Il risultato è stato piuttosto chiaro: le gazze non mostrano alcuna preferenza per gli oggetti luccicanti. Anzi, in molti casi li evitano, probabilmente perché li percepiscono come elementi nuovi e potenzialmente pericolosi, un comportamento noto anche come neofobia, la paura per ciò che è nuovo e sconosciuto. Quando si avvicinano a un oggetto, quindi, lo fanno per curiosità o per valutare se possa essere una fonte di cibo, non perché attratte dal suo valore estetico o materiale.
In altre parole, non esiste alcuna prova scientifica che le gazze rubino gioielli o oggetti metallici per accumularli o collezionarli. Il mito, quindi, resta tale: una costruzione culturale affascinante che però non trova conferma nel comportamento reale dell'animale, a meno che non si tratti di uccelli "domestici" e cresciuti in cattività, abituati a "giocare" e interagire con gli oggetti di casa. Anche questo aspetto potrebbe aver contribuito a consolidare questo mito.
Chi è davvero la gazza ladra

Al di là della sua fama ingiustificata, la gazza rimane però un uccello estremamente affascinante e interessante. Lunga circa 45 centimetri, di cui quasi la metà è costituita dalla coda, la gazza ha un'apertura alare che può superare i 55 centimetri e un peso medio di 200-250 grammi. Il piumaggio è inconfondibile: bianco e nero, con riflessi verdi e violacei sulle ali e sulla coda, visibili soprattutto alla luce diretta del sole.

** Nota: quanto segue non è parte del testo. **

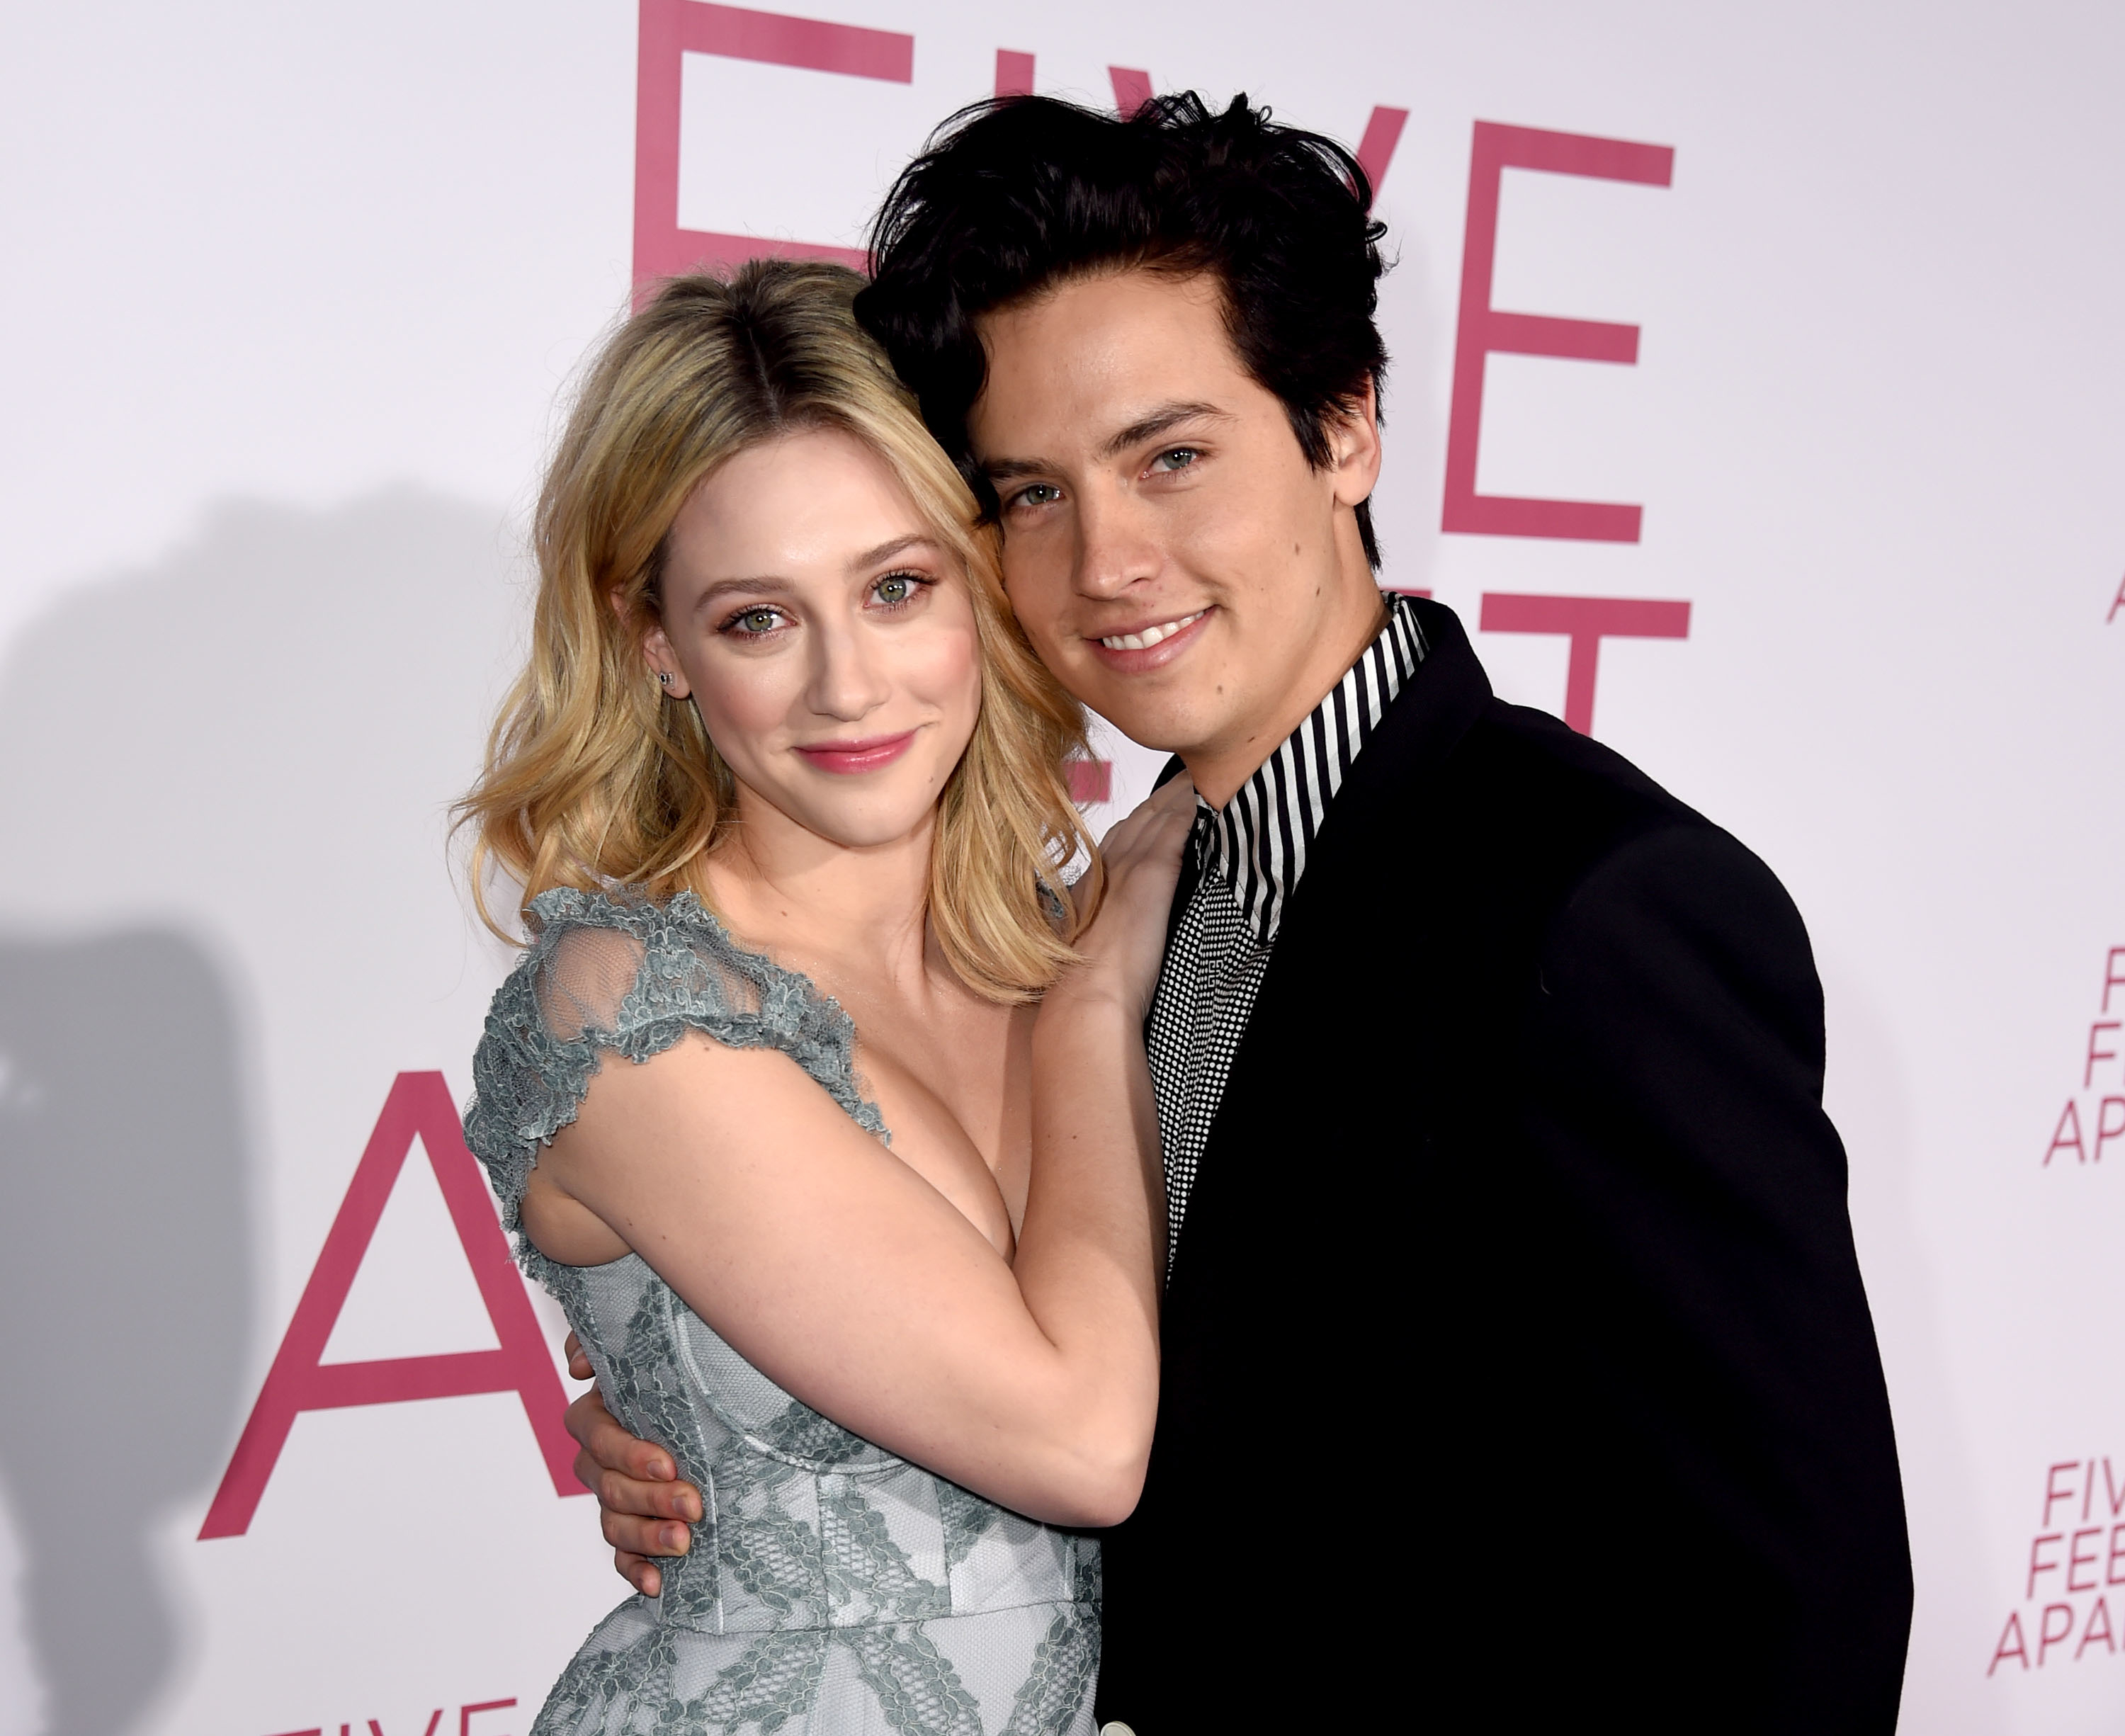 Lili and Cole embracing at a media event

La gazza vive in una grande varietà di ambienti, dalle campagne alle aree agricole, fino a margini dei boschi, parchi urbani e città. È una specie sedentaria, cioè tende a rimanere nello stesso territorio tutto l'anno, e forma coppie stabili che possono durare per tutta la vita. Nidifica solitamente sugli alberi, spesso pini, costruendo grandi nidi a cupola fatti di rami intrecciati e dotati di una sorta di "tetto" che protegge le uova e i pulli dai predatori. Sono simili ai nidi delle cornacchie – altri corvidi urbani -, che però di solito sono aperti e senza "tetto".

È una specie estremamente adattabile e si nutre di insetti, piccoli vertebrati, uova, semi, frutta, rifiuti e carcasse che trova in giro, come gli animali investiti dalle auto in strada. Come tutti i corvidi, la gazza è anche molto intelligente. È capace di risolvere problemi complessi, manipolare oggetti, riconoscere individui, ricordare luoghi e adattare il proprio comportamento a contesti diversi. Non è una ladra di gioielli, ma un animale molto curioso, opportunista e straordinariamente adattabile.
Forse è proprio questa sua spiccata intelligenza, unita alla sua vicinanza agli esseri umane, ad averla resa protagonista di racconti, storie popolari e leggende. Il nome "ladra" non lo troverete in nessuna guida di birdwatching, studio scientifico o pubblicazione ornitologica. Oggi solo i cacciatori la chiamano così, ma per conoscere davvero la gazza bisogna andare oltre il mito e scoprire un uccello molto più interessante – e innocente – di quanto la sua fama lasci intendere.